Michael tittered. “What are you supposed to be, anyway?”

“I’m Little Red Riding Hood. Only I wasn’t lucky enough to get away from the Big Bad Wolf. See?” She tilted her head to show off her glistening neck wound.

“Awesome,” Scott said.

“You guys think you’re so cool, standing around smoking,” Rachel said. “Those things cause cancer, you know, in case you haven’t read a newspaper or anything.”

“She’s like a goddamn public service announcement,” Peter said.

Scott and I laughed.

Rachel reached into her cloak and pulled out a Krackel bar. She smiled sideways at me, then extended the candy bar to Michael, the only one of us without a cigarette. “Here. For not smoking.”

“Sweet!” Michael snatched up the candy bar and unwrapped it. “Thanks.”

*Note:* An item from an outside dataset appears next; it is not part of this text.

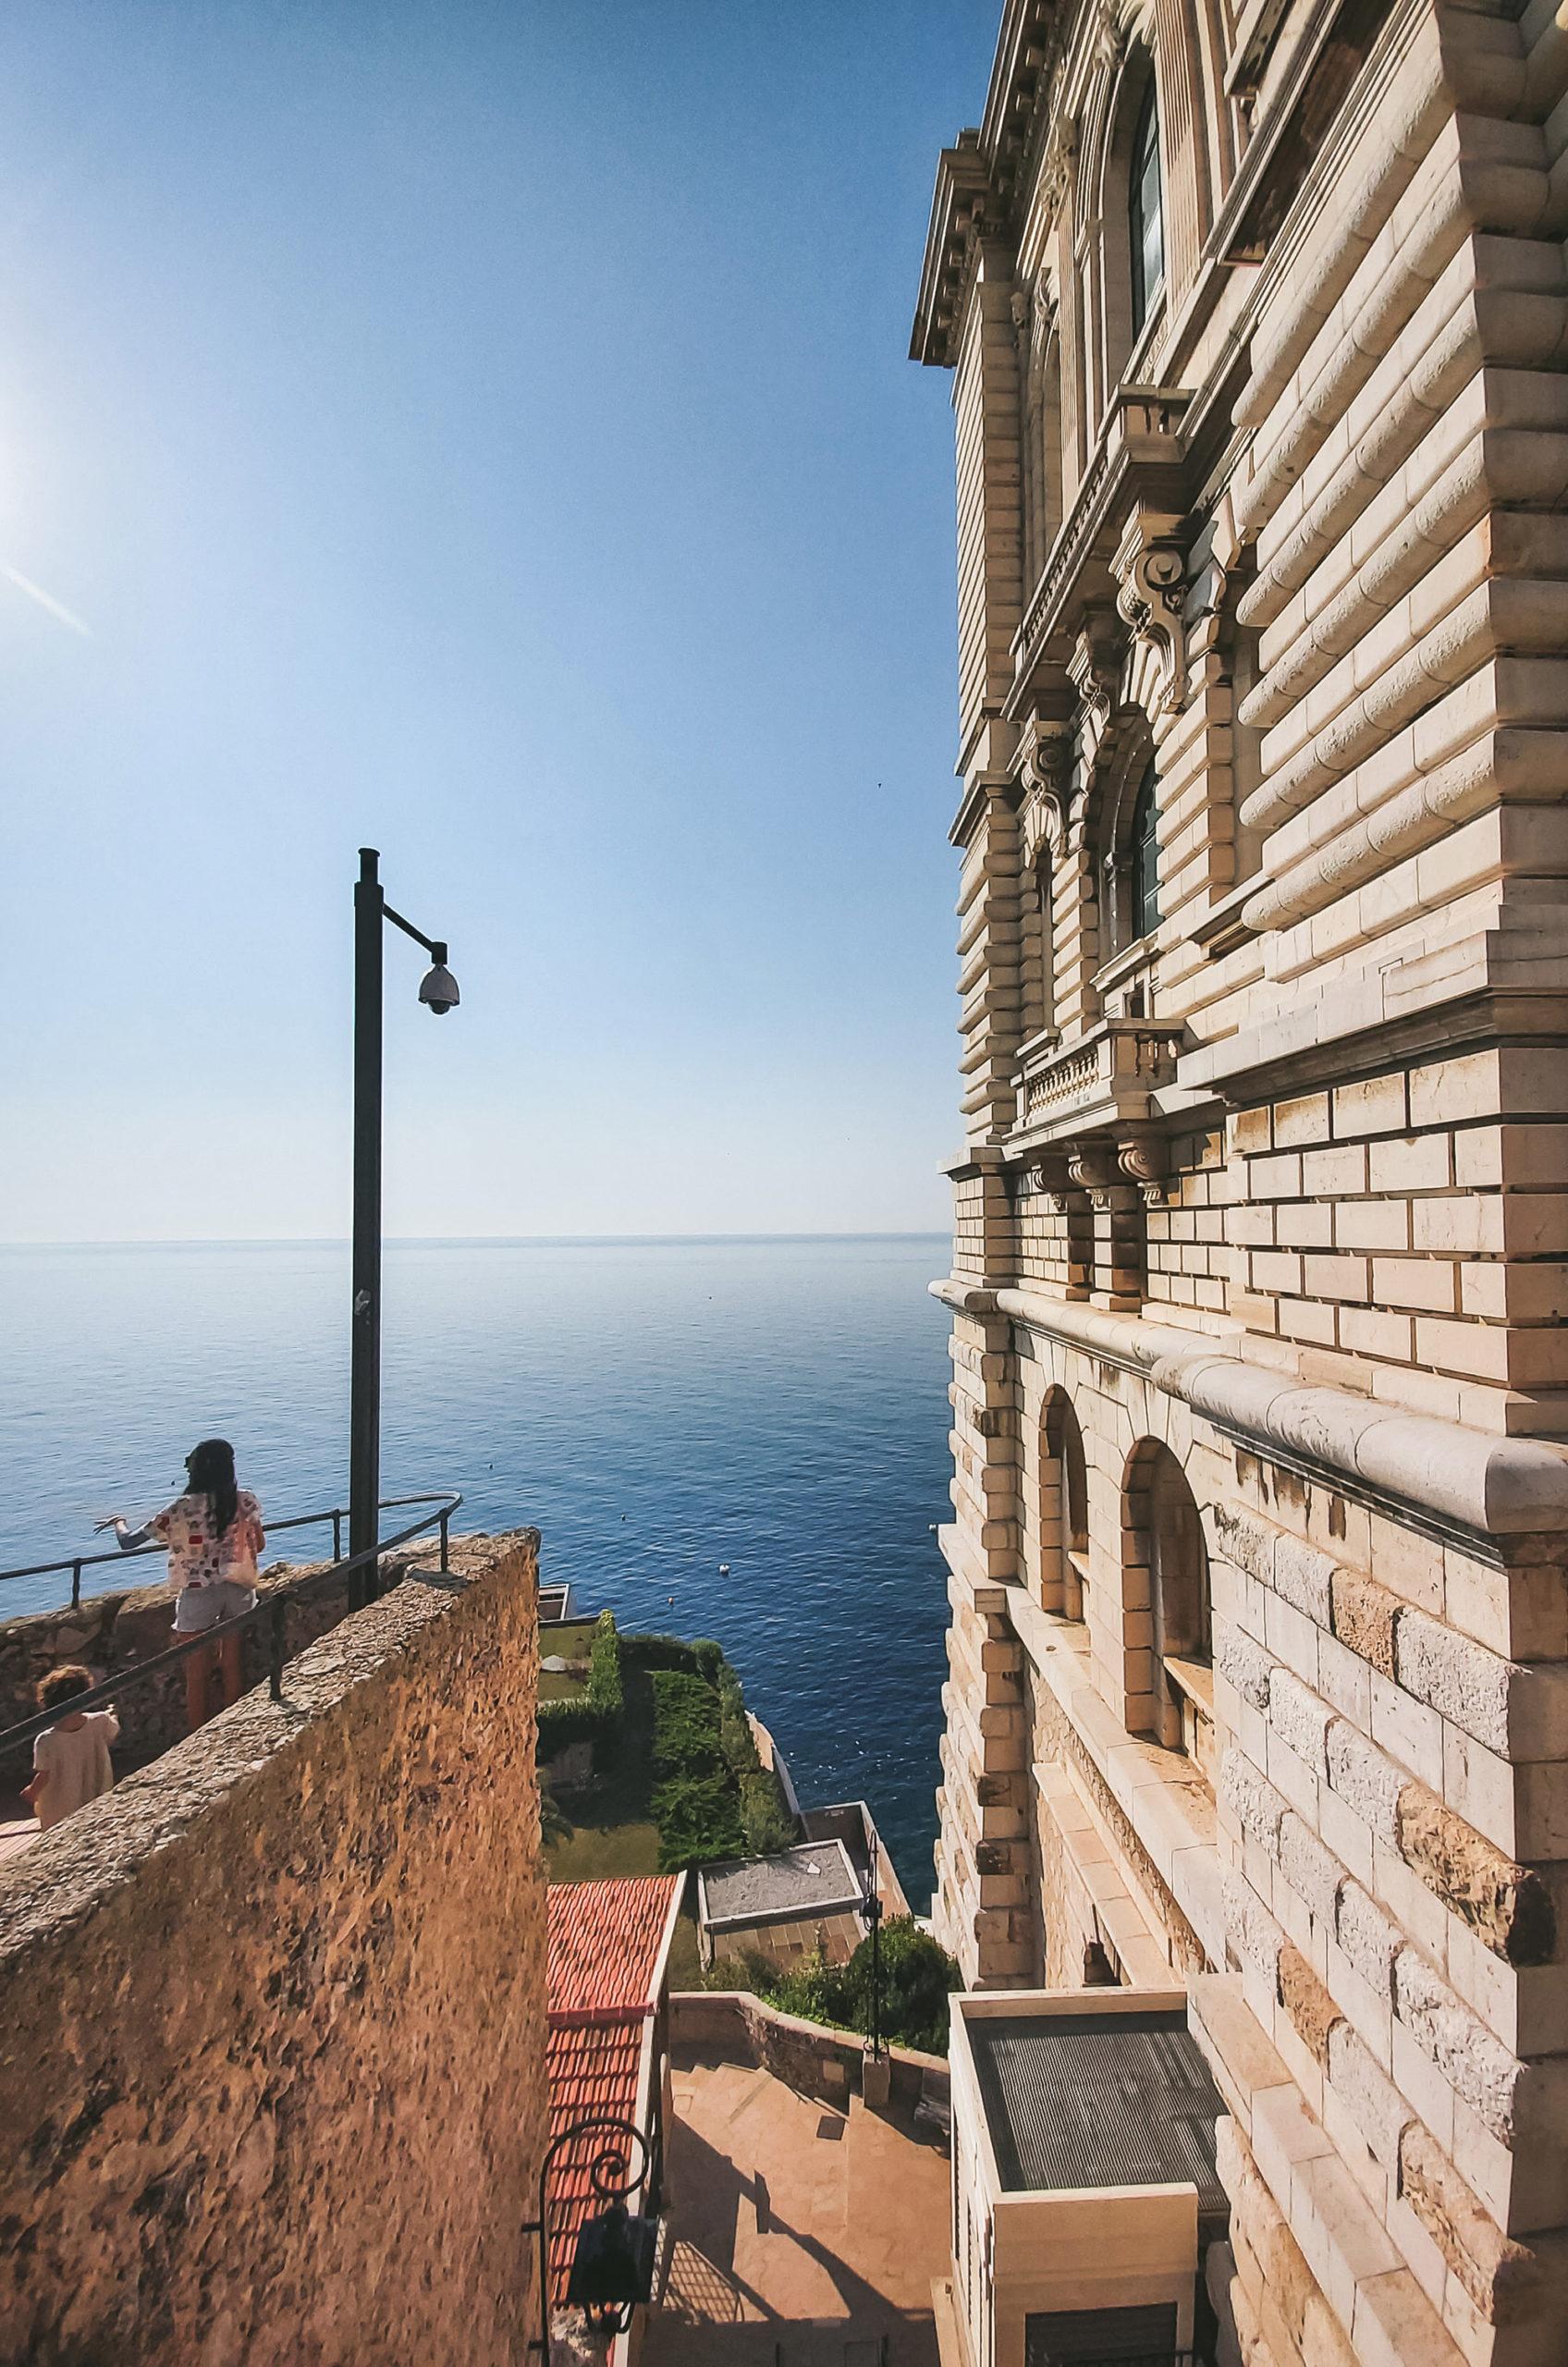 5 choses à faire sans voiture dans la Riviera autour de Nice - Aquarium Monaco

“So, anyway, it looks like you guys are up to no good. I thought I’d warn you that there’s a ton of cops out tonight. It’s because of that girl they found. And the other kids, too, I guess. The missing kids. They’re not messing around. We’ve already been stopped twice.”

“We’re not up to nothing,” Peter said. “But thanks.”

“Yeah,” I said. “Thanks, Rachel.”

Across the street, Rachel’s friends shouted after her.

“Listen, I gotta go. Sasha Tamblin’s having some people over. You guys want to come?”

I shrugged. So did my friends. Michael grunted something unintelligible around his candy bar. We had heard about the party but had more important plans for the evening. Yet I suddenly found myself wondering what it would be like to attend a party with Rachel . . .

“You guys.” She looked like she wanted to shake her head at our hopelessness. “It must be exhausting having to look so tough all the time.”

“Quit flirting,” Michael said.

She smiled. “So what are you guys supposed to be?”

“We’re ghosts. We’re the disappeared.” Michael waved a hand in front of her face, Jedi-style. “You never even saw us.”

“I wish,” she said, and laughed. Then she spun on her heels and hurried across the street to join her friends. A few of them shouted nonsense at us and made kissing noises before disappearing around the darkening bend in the road.





The streets were suspiciously silent. Aside from the occasional police cruiser tucked into a darkened alley, we were utterly alone. Even the older kids who usually meandered around town, laughing too loudly and talking in raised voices, or perched on the hoods of their cars, passing around bottles of beer—my grandmother referred to these troublemakers as neighborhoodlums—were noticeably absent. I didn’t know if it was the presence of police patrolling the neighborhood or the whispers about the Piper that kept people inside.